In their lives outside politics, Nana Akufo-Addo managed a small law firm in Adabraka, with a few tens of lawyers. Professor Jane Naana Opoku Agyemang managed a big public university with thousands of employees and tens of thousands of students. If Akufo-Addo can be trusted to manage our nation, why can’t the professor do the same?
Have we not amply demonstrated that we do not care about the character and actions of our leaders? How has Akufo-Addo’s background as a human right and rule of law advocate influenced his presidency that Professor Opoku-Agyemang’s background cannot?

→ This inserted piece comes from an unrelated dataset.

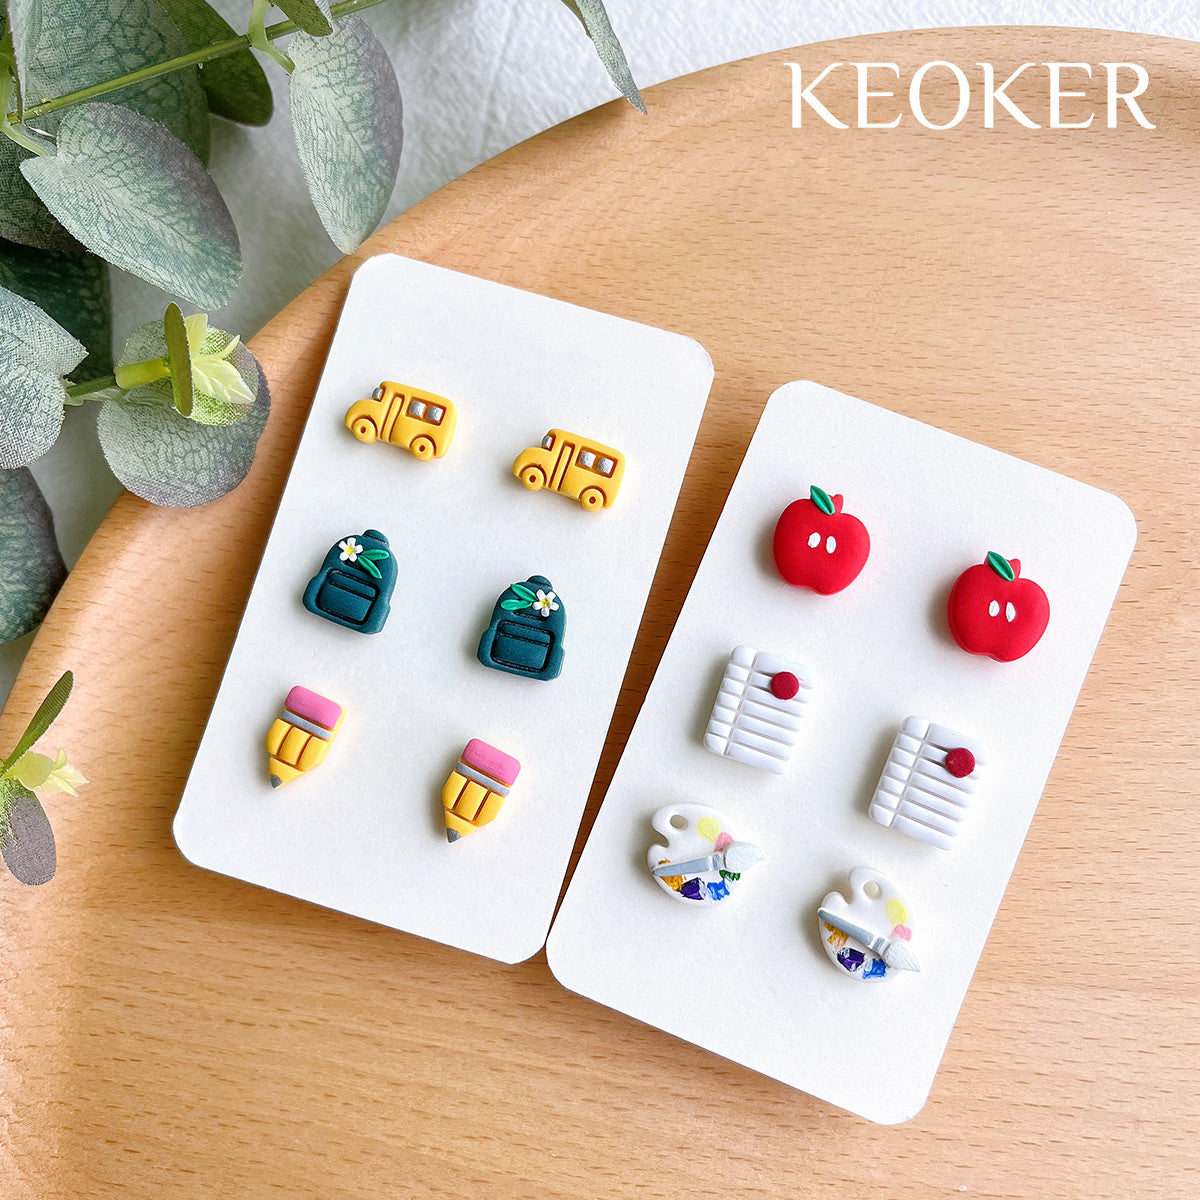  KEOKER Clay Cutters for Polymer Clay Jewelry, Fruit Polymer  Clay Cutters for Earrings Jewelry Making, 12 Shapes Fruit Plant Clay  Earrings Cutters, Clay Cutters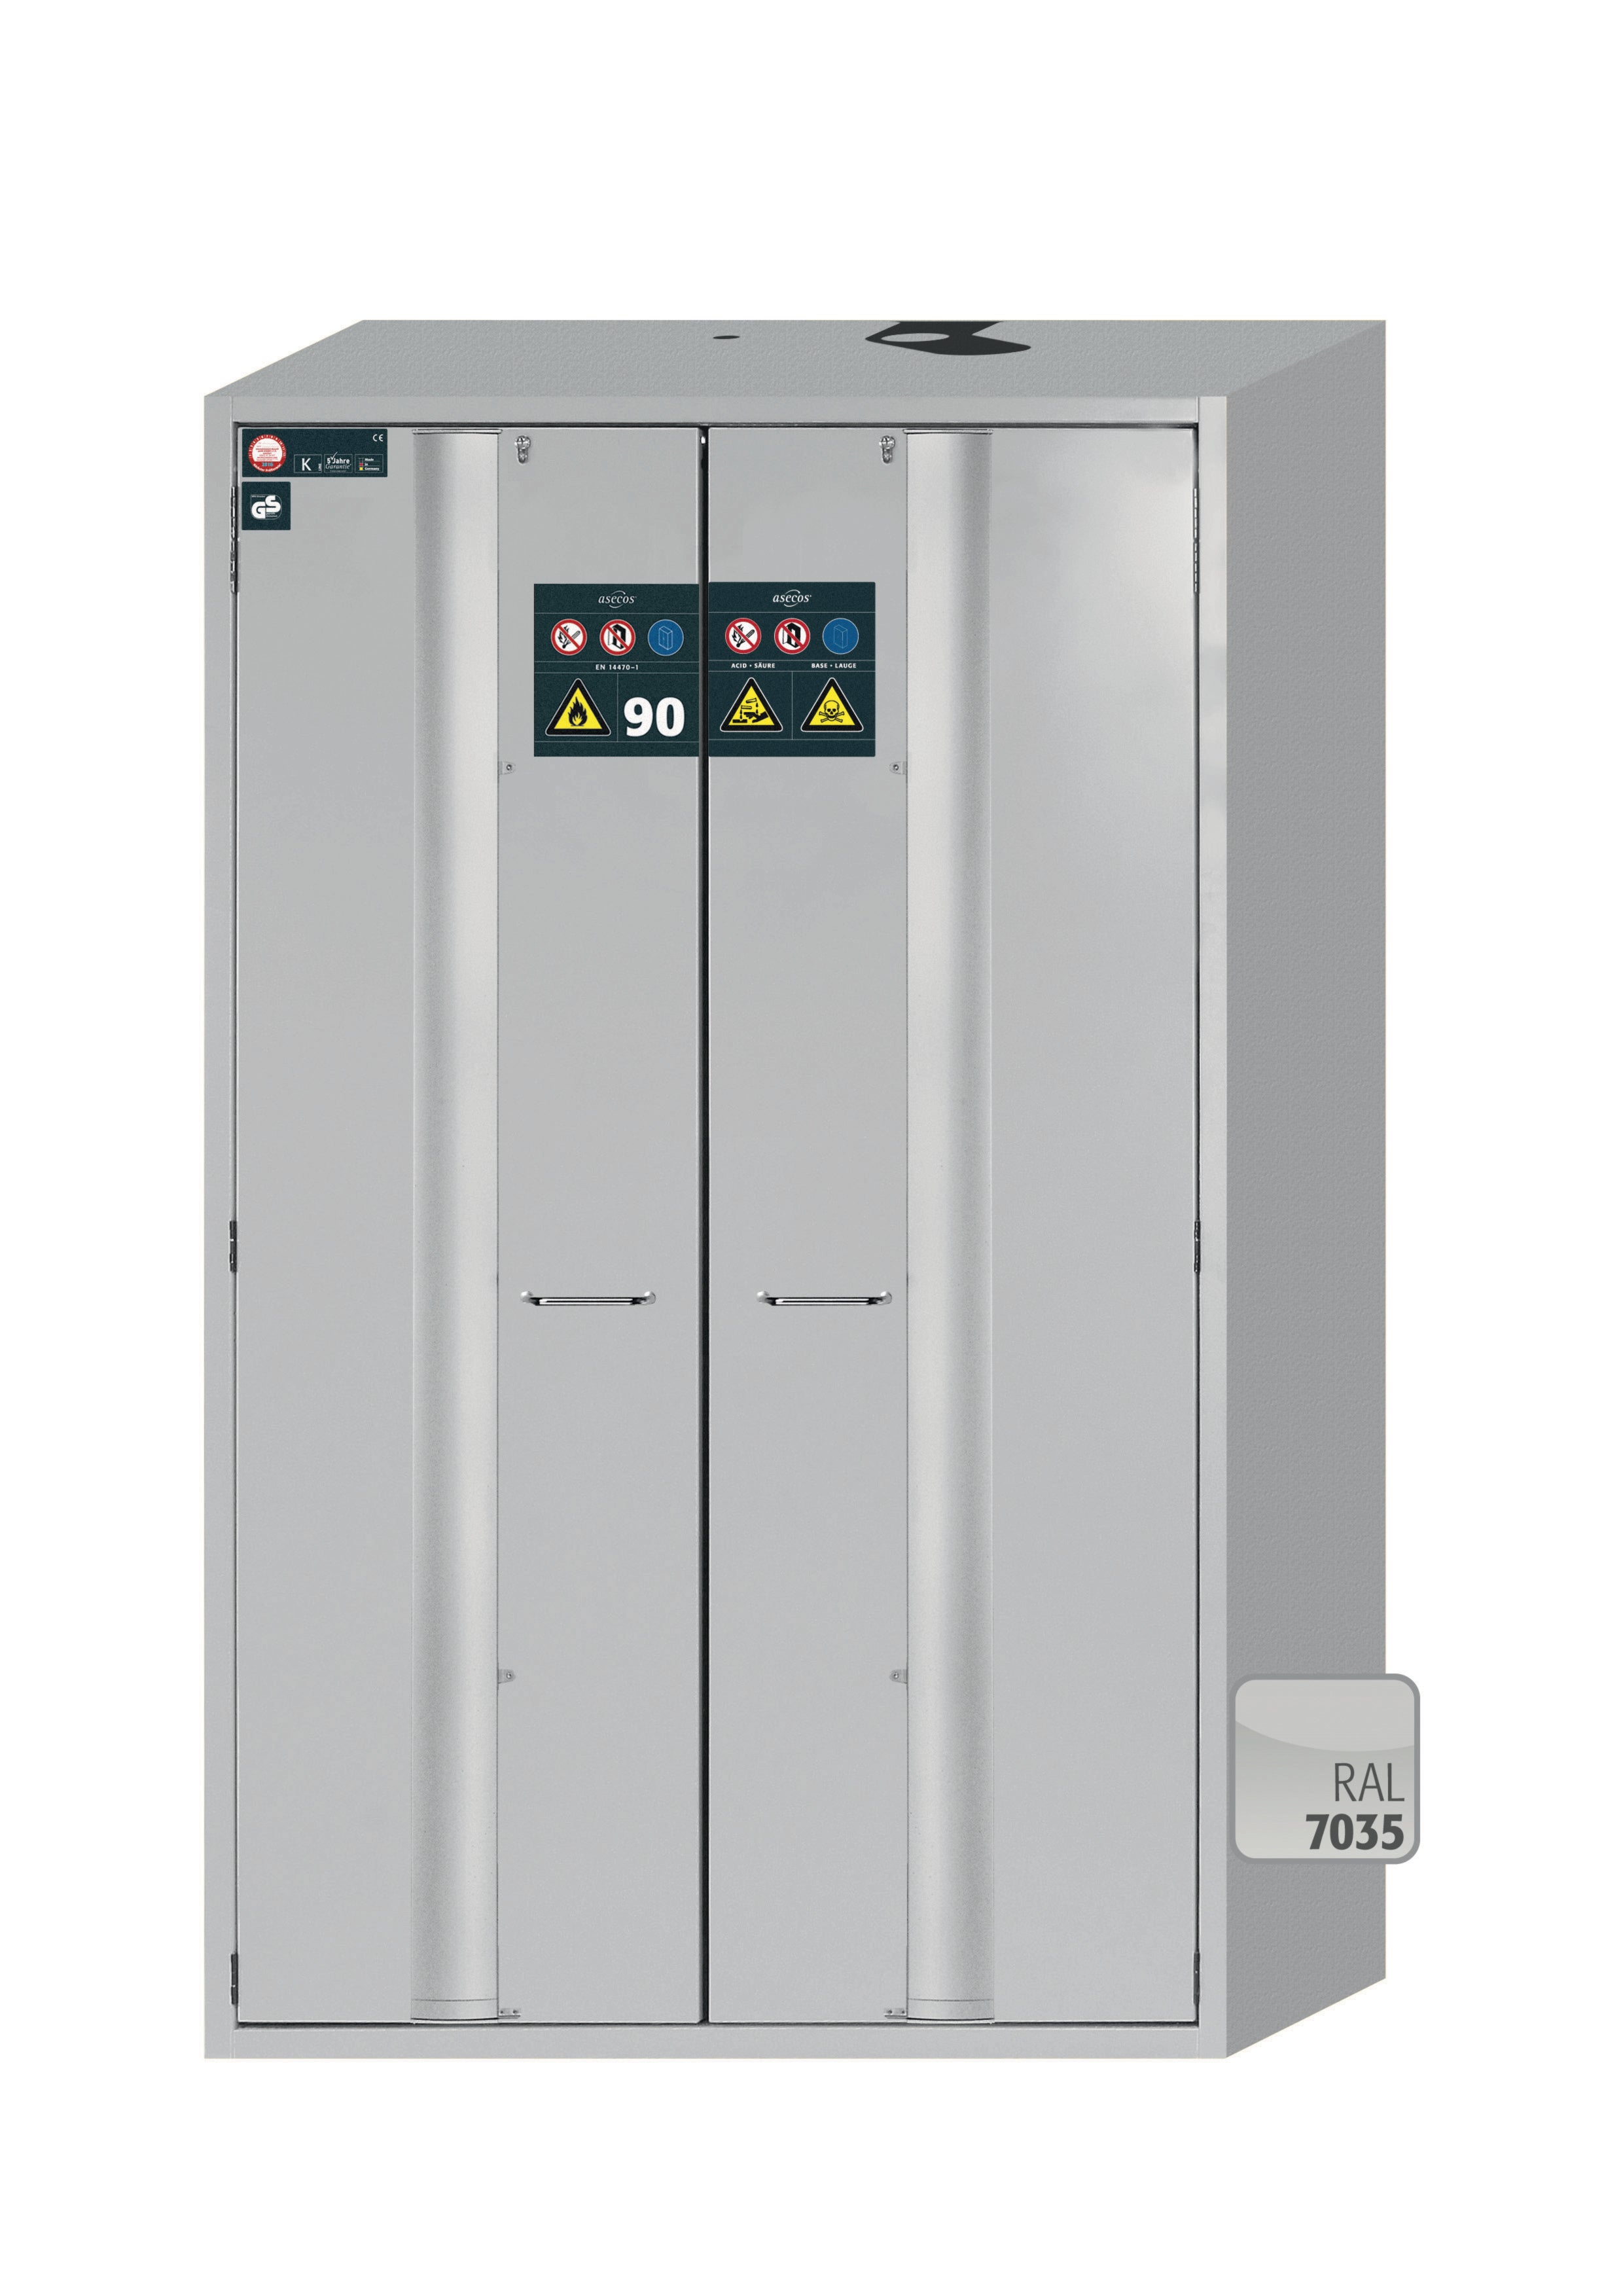 Type 90 safety cabinet S-PHOENIX-90 model S90.196.120.MV.FDAS in light gray RAL 7035 with 6x standard pull-out tray (sheet steel)

The good thing about Prof. Jane Naana Opoku-Agyemang is that since her name came up, no one has talked about corruption even though, as a Vice-Chancellor and minister of state, she was in a position to make big procurement decisions.
If she doesn’t bring much to the ticket, she definitely takes nothing away from it, the way a scandal-ridden candidate would have done.
Leadership must go beyond what someone decides to use our money for. I have said it before that anybody at all can decide to use our money to build hospitals and schools at inflated costs. Anybody at all can decide that, instead of building hospitals, they would rather use our money to pay the fees of high school students, even if it means the public basic school system is almost dying. One does not need to be a genius to do that.
But it takes more than that to lead a nation. A leader should be the custodian of our values, principles, morality and good conscience. This is what we have lacked in a long time and that scrutiny or expectation should not be limited to the NDC running mate.
Or is it because she’s a woman? I’m not very old but I’ve read and listened enough to know that wielding a manhood, no matter how potent it, is not a determinant of good leadership.
We can decide to either keep the bar for presidential aspirants high for all or lower it for all, irrespective of one’s gender, ethnicity, profession or status.